Marino, the toxicologist, remains frustrated. “I don't know why these stories won't go away,” he says. “I also had the same kind of hope when that San Diego sheriff event backlash happened, and how it was picked up even internationally by very large outlets. I thought maybe somebody would pay attention, or remember.”

He has even attempted to publish a negative case report, but it keeps getting rejected. Marino told Defector it was a law enforcement officer who had reported overdosing on fentanyl. A hospital ran tests using gas chromatography, mass spectroscopy, and urine testing. It showed no fentanyl present in the officer’s system. “Nobody wants to publish a negative case report,” Marino says.

When exposed to a little bit of information, these stories wilt like an officer who has touched fentanyl. The stories seem to continue, though. Alex Pareene, a journalist, investigated into the Kansas City story for his email newsletter. (I appeared on his podcast last year to talk about my fentanyl story.) He called up the station.

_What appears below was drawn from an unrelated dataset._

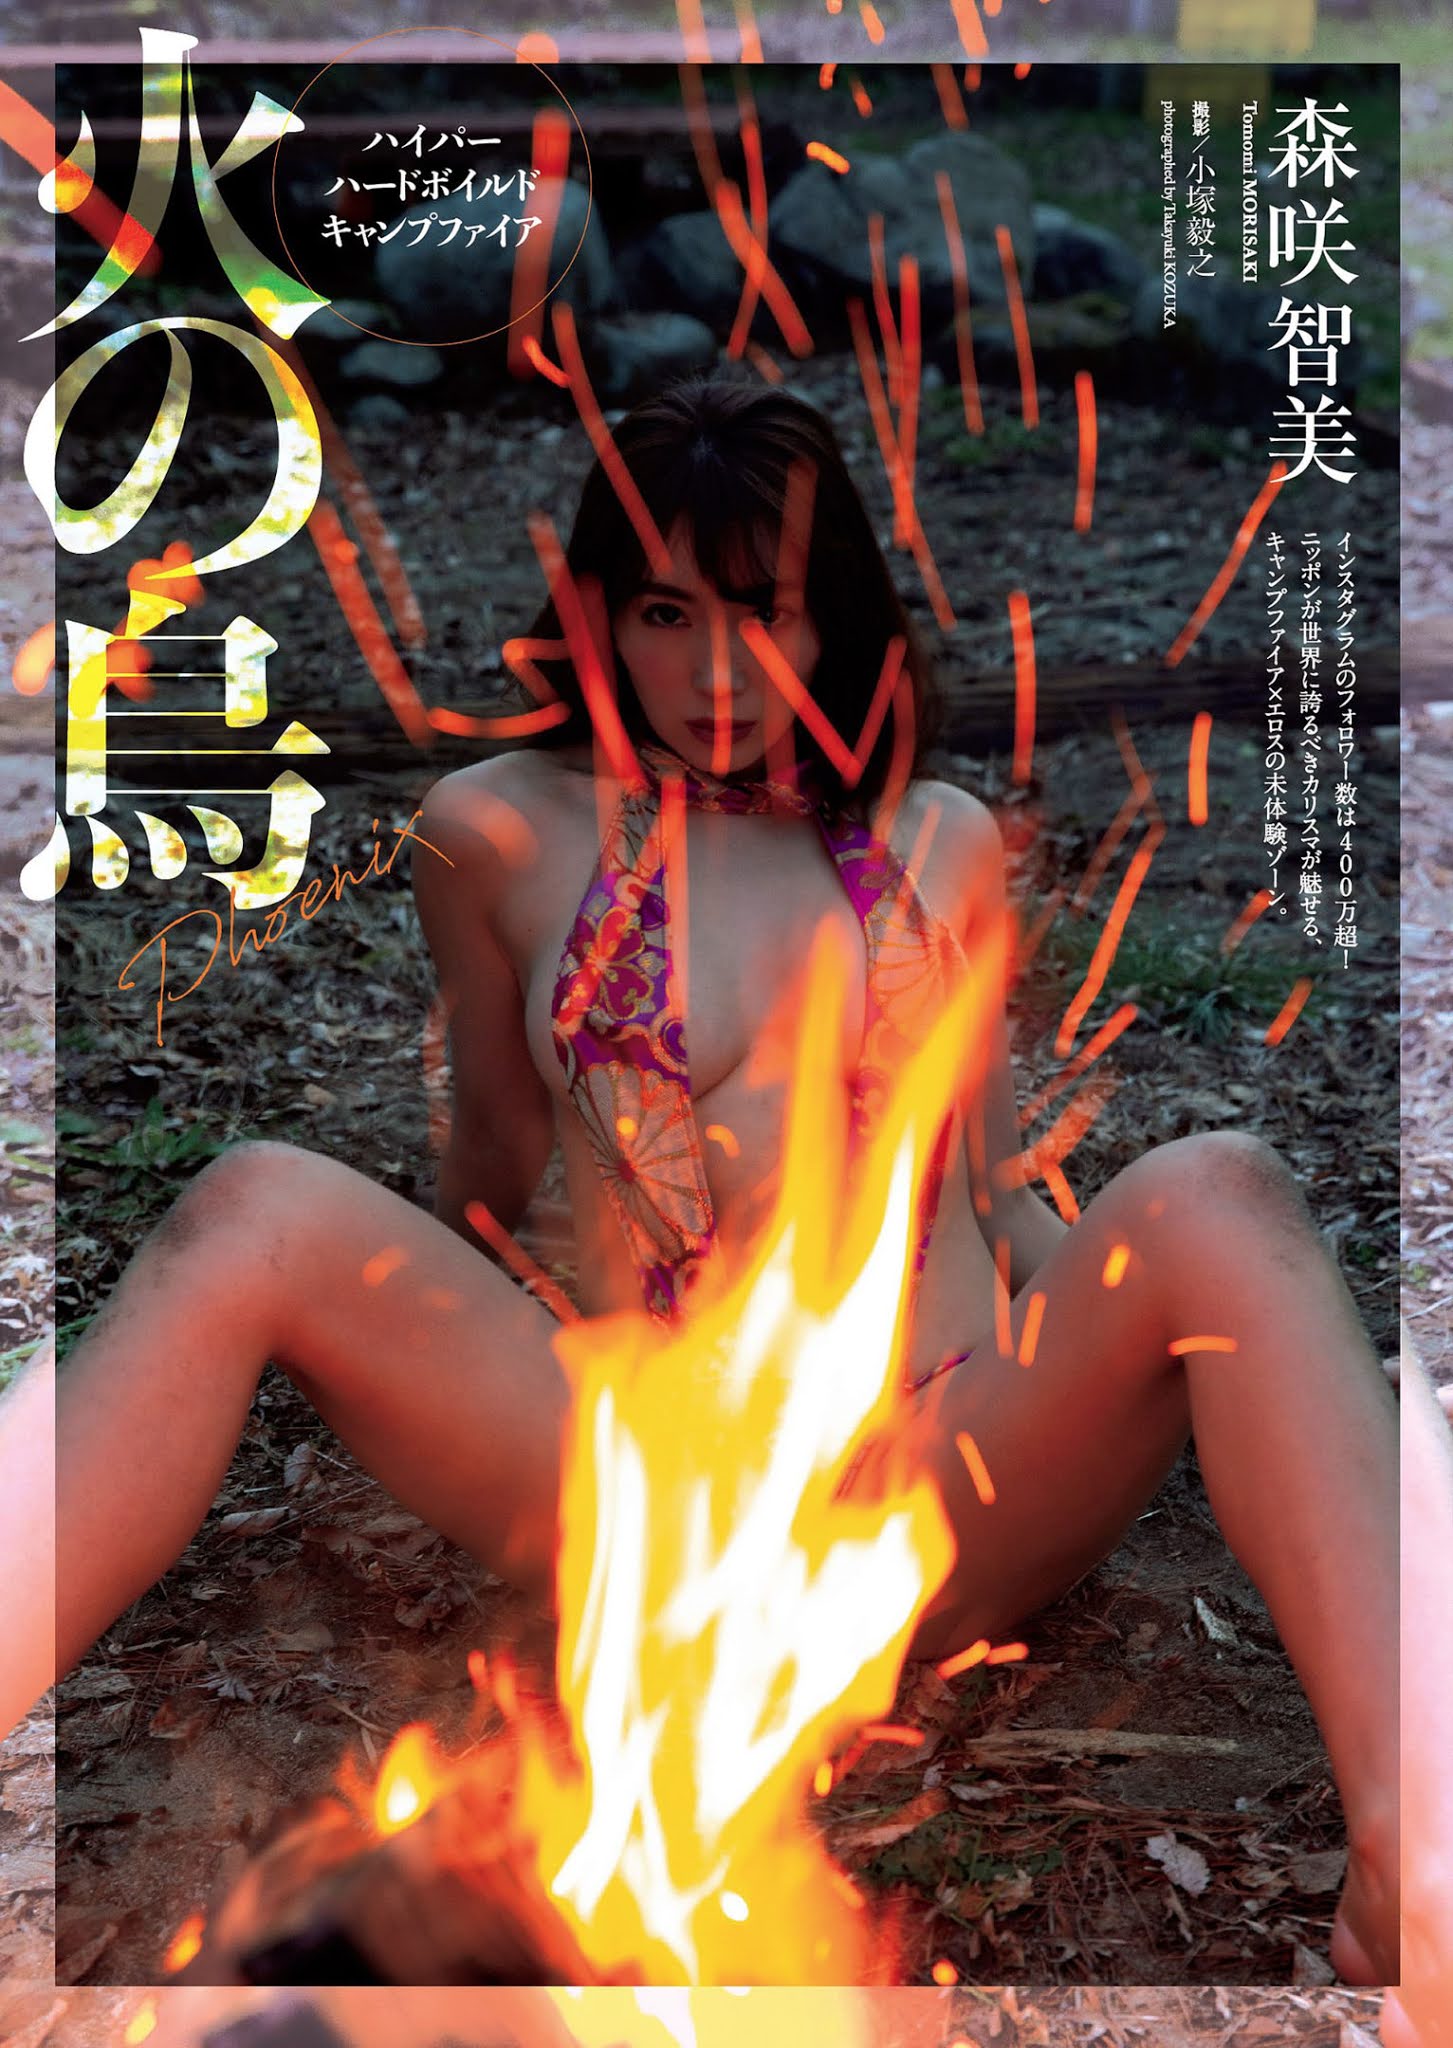 Tomomi Morisaki 森咲智美, Weekly Playboy 2021 No.19-20 (週刊プレイボーイ 2021年19-20号)

His conversation with the news director, recollected:

“We were telling the story of the person it happened to,” she said.

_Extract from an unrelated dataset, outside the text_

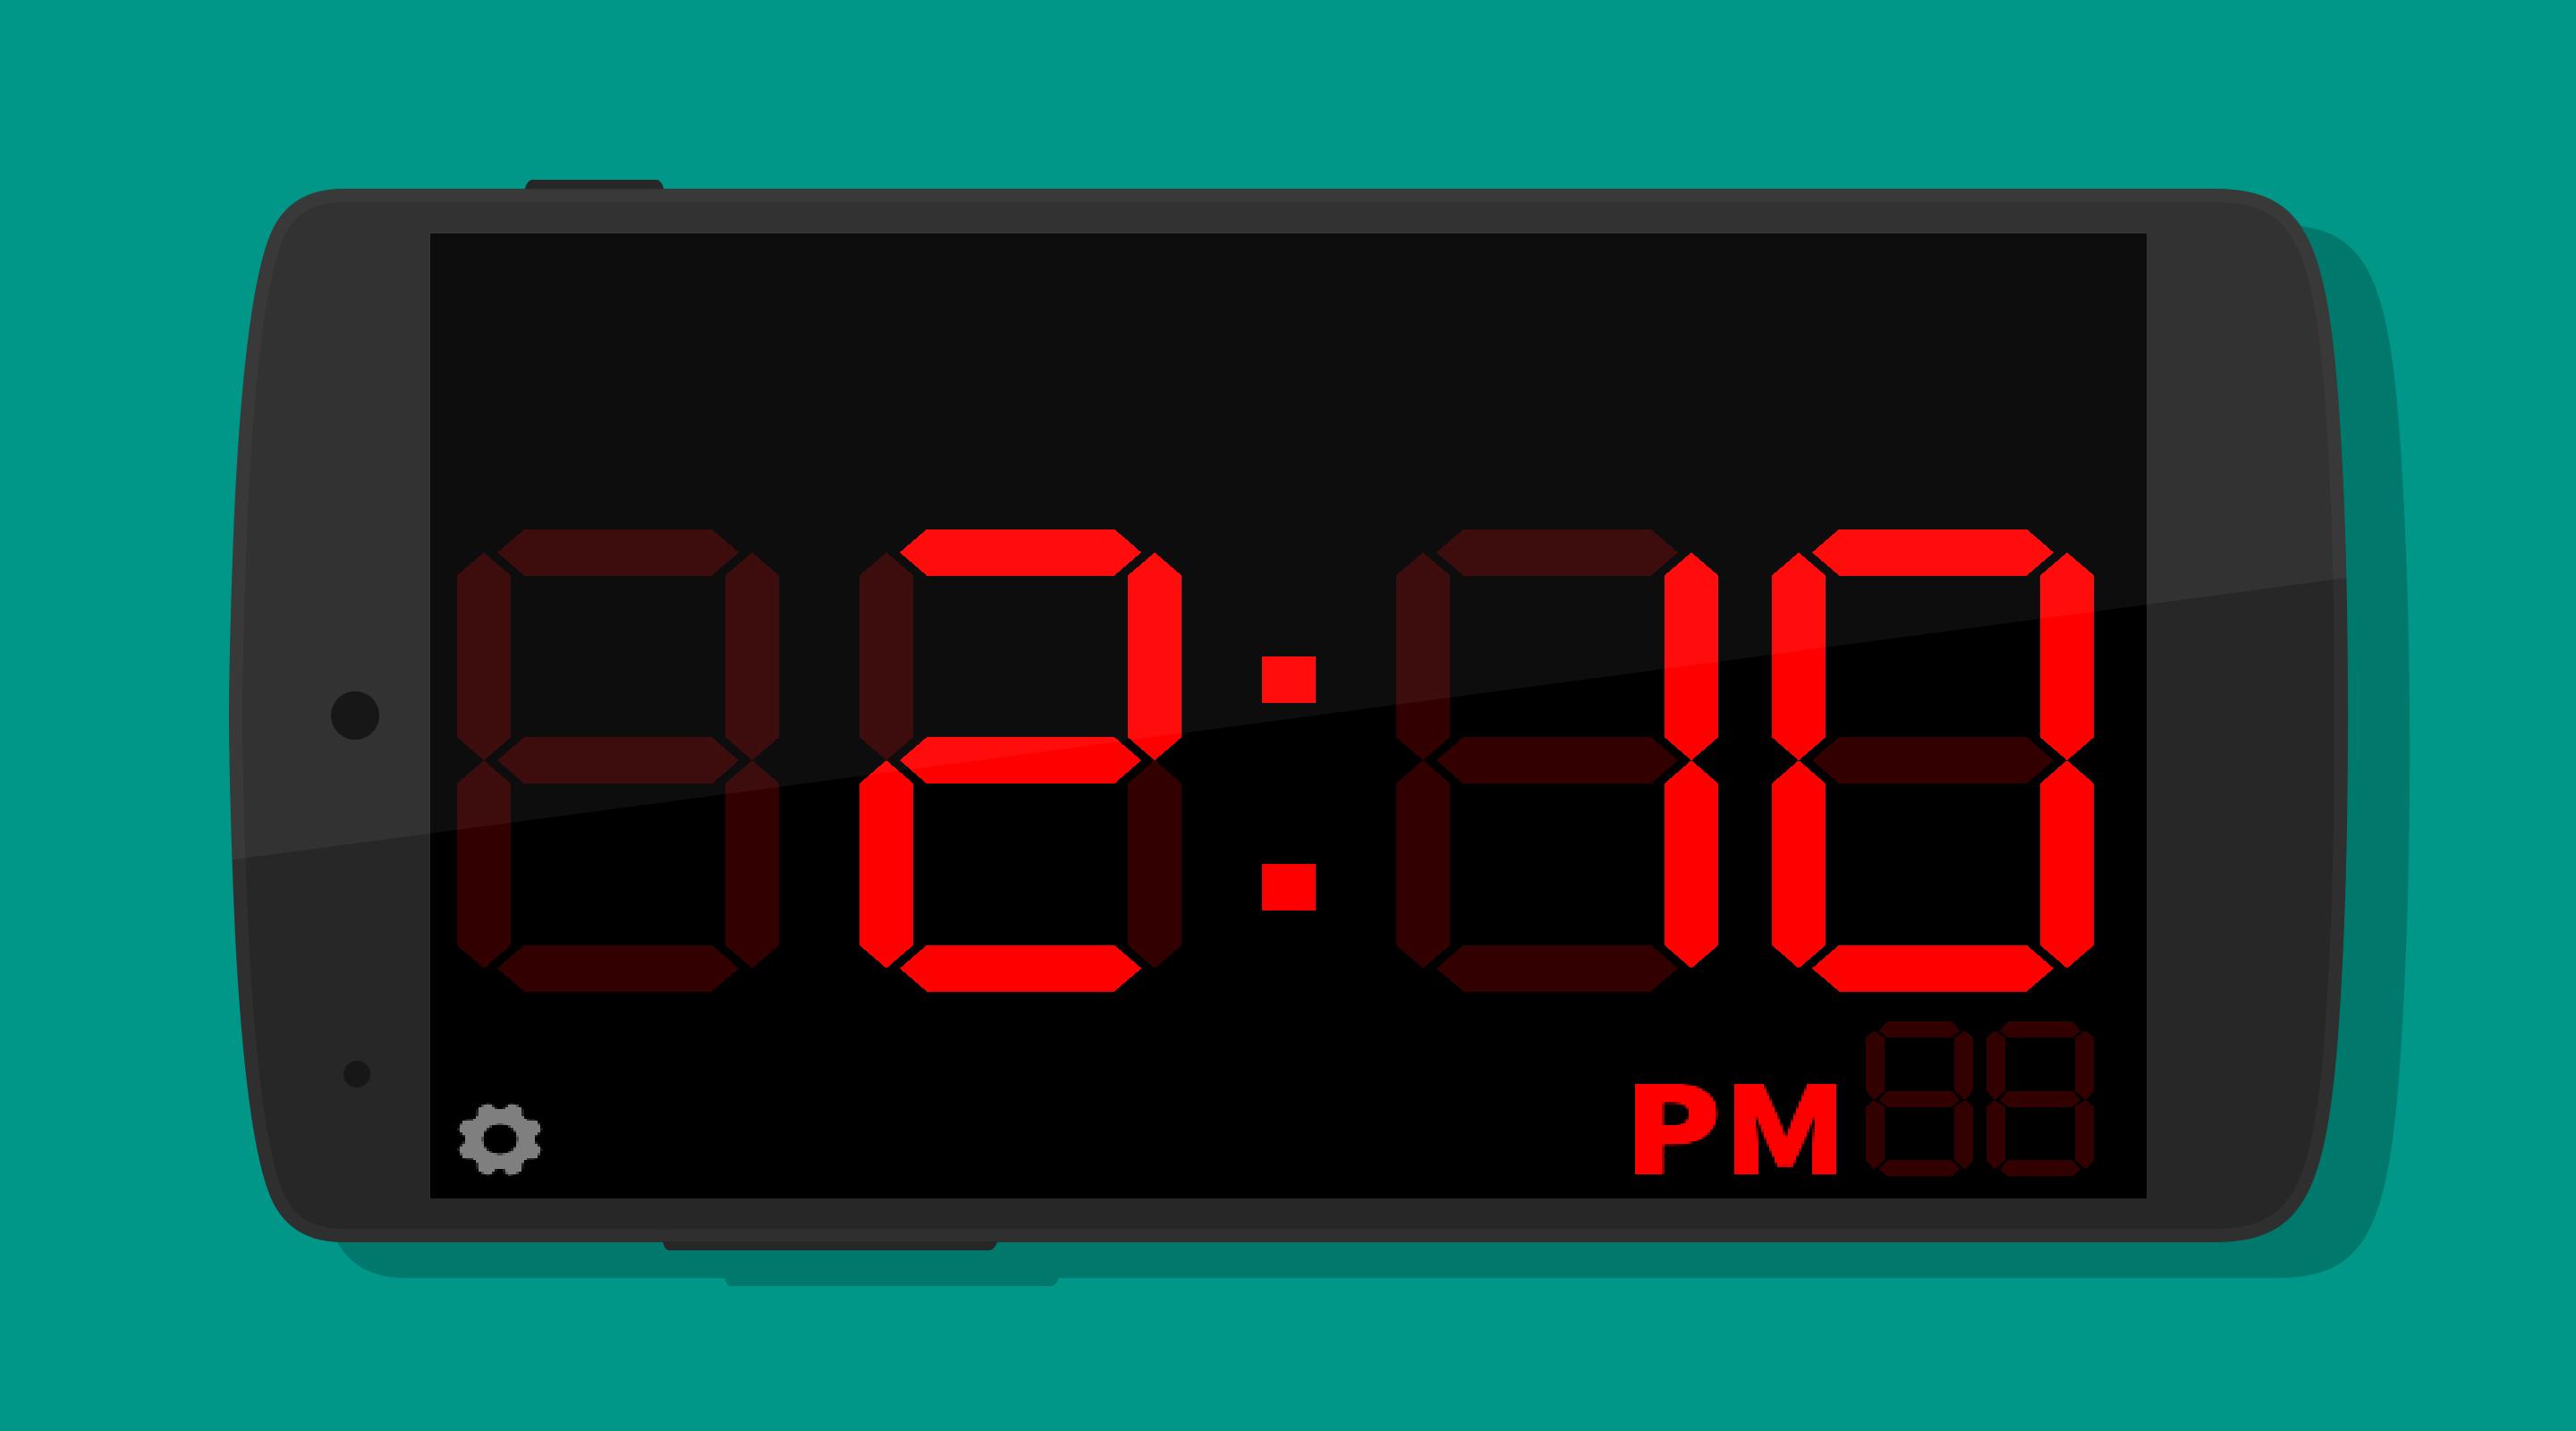 Время 14 39. Часы Digital Clock 200730138828.4. Электронные часы диджитал клок 1018. Циферблат электронных часов. Электронные часы 10:00.

“Well,” I asked, “what do you do when people with expertise tell you what a person says happened to them is impossible?”

“People who weren’t there, you mean?” she responded.

The news director then hung up on Pareene. He hasn’t heard from them again. KCTV will not be changing their report.

There is a way journalism is practiced in the United States that leads to incidents like this, I think. Police essentially operate as an assigning desk for media outlets, especially local news. The cops report something; journalists repeat it. Journalists trust the cops, even in the face of conflicting reports, because that’s how things work. More than that, journalists need cops, who can be very useful sources. Cops have a lot of information, and they will give it to you. But they also have an agenda, like any source. The news treats them as unbiased third-party observers. Just the facts, ma’am. The end result of this is CBSNews.com warning people not to pick money up off the ground because it could lead to an overdose.

On its own, the news media is not going to convince people that dermal fentanyl overdoses are basically impossible. But until cops are taught differently—and there is some hope in that area, as even an online training changed some officers’ minds—this kind of thing will keep happening. You can expect to continue to hear about it when it does.